IF 2.4 3区 医学 Q3 ONCOLOGY Pub Date : 2025-02-25 DOI: 10.1007/s10147-025-02692-7
Sayoko Tayama, Hideaki Miyamoto, Kotaro Waki, Munenori Honda, Kenshi Matsuno, Akira Yamasaki, Ryosuke Gushima, Katsuya Nagaoka, Hideaki Naoe, Masanori Imuta, Fumi Kawakami, Yoshihiro Komohara, Satoru Miyamaru, Daizo Murakami, Yorihisa Orita, Yasuhito Tanaka

Background: Gastrointestinal endoscopy (GIE) performed by gastroenterologists is essential for the early detection of pharyngeal cancer. Human papillomavirus (HPV) is a significant cause of oropharyngeal squamous cell carcinoma (OPSCC). However, the prevalence of HPV-related OPSCC detected by GIE remains unclear.

Aim: This study aims to evaluate the differences in detection rates, patient characteristics, and treatment approaches between HPV-positive and HPV-negative OPSCCs, with a focus on the role of GIE in early diagnosis.

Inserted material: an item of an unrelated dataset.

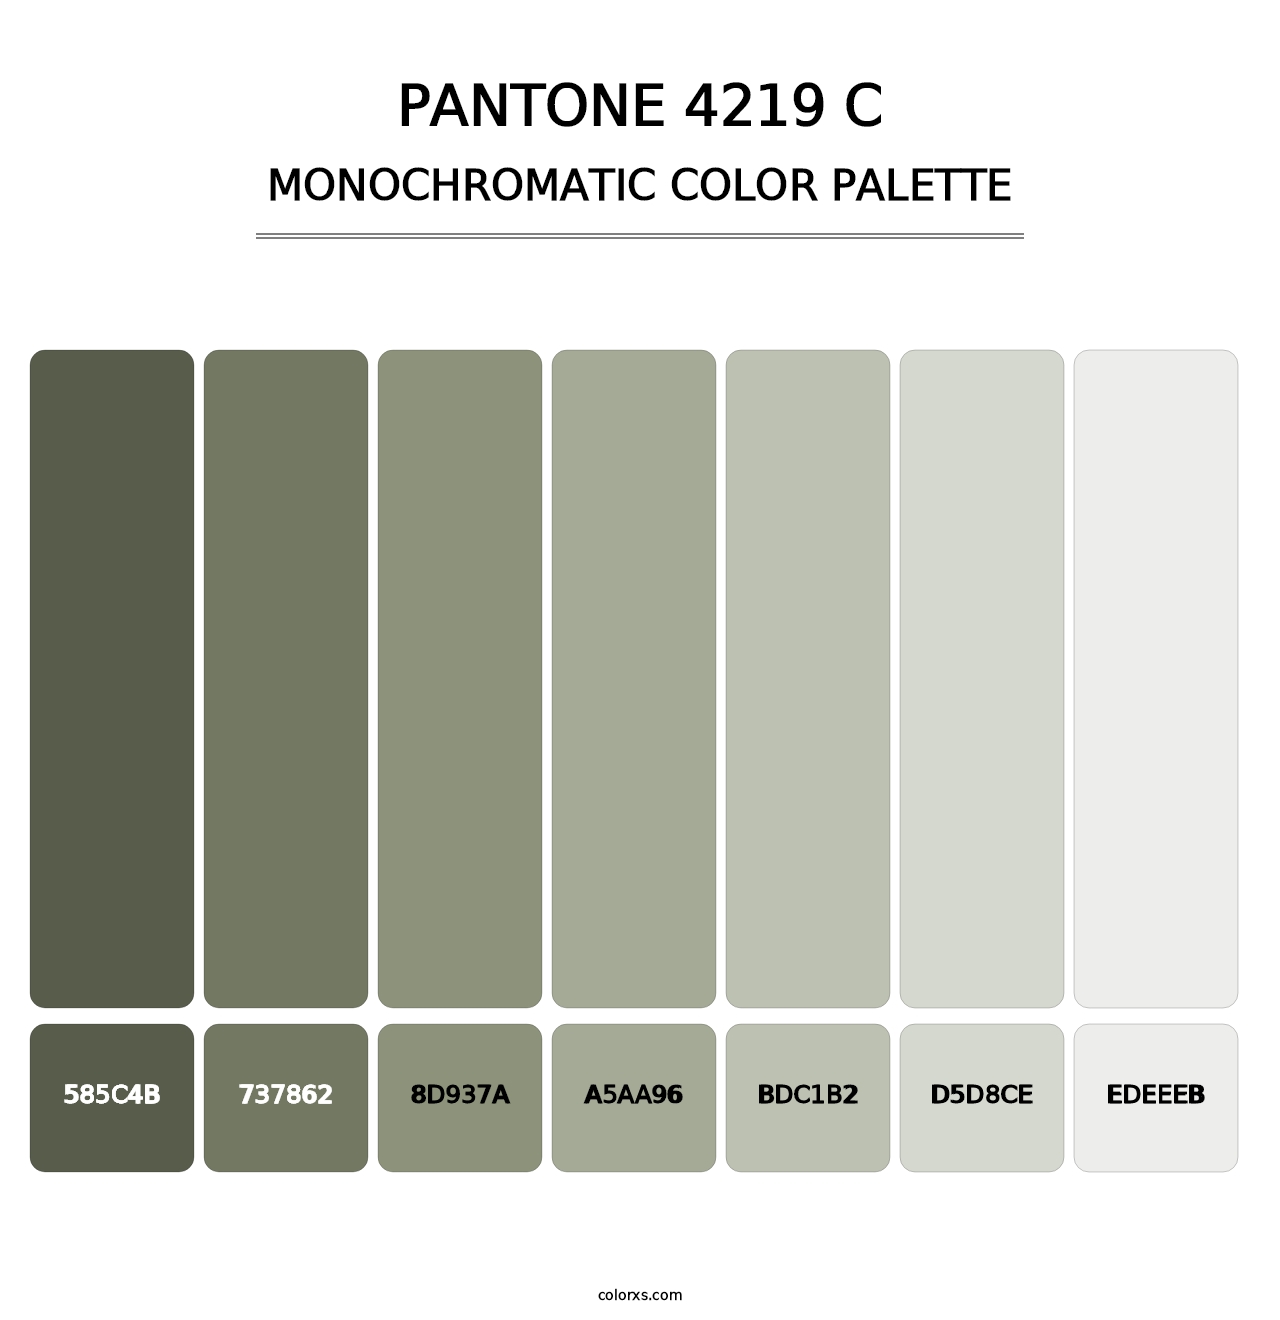 PANTONE 4219 C - Monochromatic Color Palette

Methods: We retrospectively analyzed 207 OPSCCs from 2018 to 2022, where HPV infection was diagnosed by p16 immunohistochemistry. We compared detection modalities and evaluated the proportion of lesions detected by GIE in both p16-positive and p16-negative cases.

Results: Out of the 207 patients, 92 (44.4%) were p16-positive. p16-positive cases had significantly lower rates of alcohol use, smoking, and history of esophageal or head/neck squamous cell carcinoma (all p < 0.001). Only 4.3% of p16-positive cases were detected by GIE, compared to 44.3% of p16-negative cases (p < 0.001). In addition, p16-positive patients were often diagnosed at advanced stages and underwent transoral resection less frequently (2.2% vs. 31.3%, p < 0.001). In cT1 cases, GIE and laryngoscopy revealed that p16-positive lesions were typically protruding and white to normal-colored, while p16-negative lesions were predominantly flat and erythematous.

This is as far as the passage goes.